VISIT TO: Ker Momar Sarr with Abdou Sarr ’81

January 7th, 2010

Abdou Sarr is a graduate of The College of Wooster (Class of 1981) and was an International Relations and Cultural Area Studies (Latin America) major. He was recognized by President Henry J. Copeland at graduation as the first francophone to receive honors. He studied abroad in Colombia during his time at Wooster and was the founder of Africa week (along with two Kenyans). Again, Gary Engelberg (Director of ACI) put me in contact with Abdou, who currently lives in Ker Momar Sarr with his family. The fact that he was a graduate of The College of Wooster and is doing development work with aquaculture and fisheries is purely coincidental…

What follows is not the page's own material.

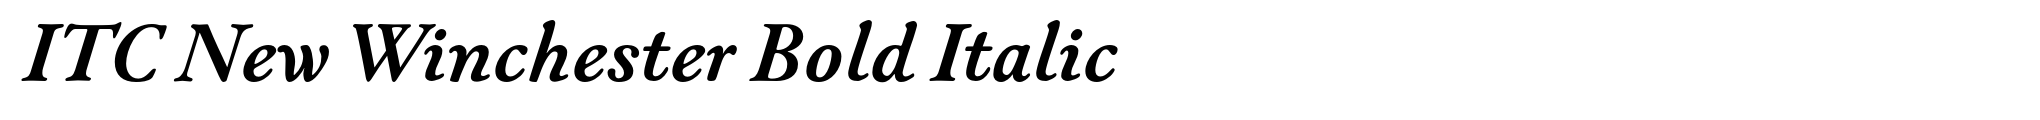 ITC New Winchester Bold Italic image
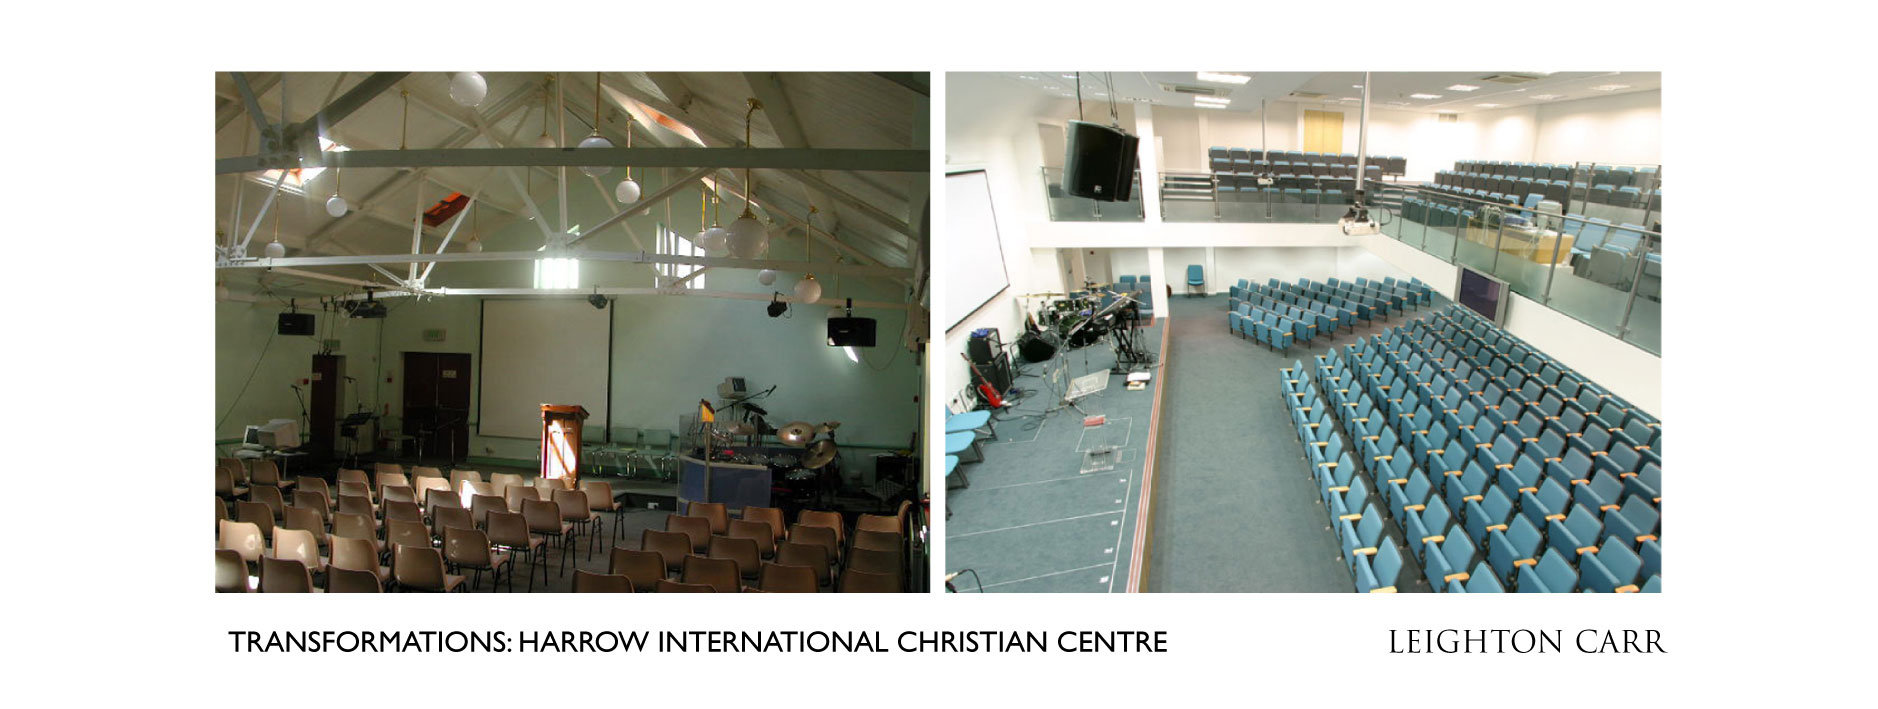 Harrow International Christian Centre

I spent three days and two nights in Ker Momar Sarr with Abdou and his family. I had the opportunity to have multiple conversations with him about his work in and with development projects and fisheries, as well visit a couple of sites that he is working on in the area. Abdou has been working in development for a very long time. He started development work with a nine-month food alimentation/distribution project that turned into a nine-year long endeavor. He currently is very interested in creating a sustainable farm in the village, using the resources of the Lac de Guiers, as well as his knowledge and imagination/creativity. He said, “I want to work with the people. Working with people is the only way to help a population; it does not help to sit in an air-conditioned office in Dakar, the United States, or the European Union and wait for a report.”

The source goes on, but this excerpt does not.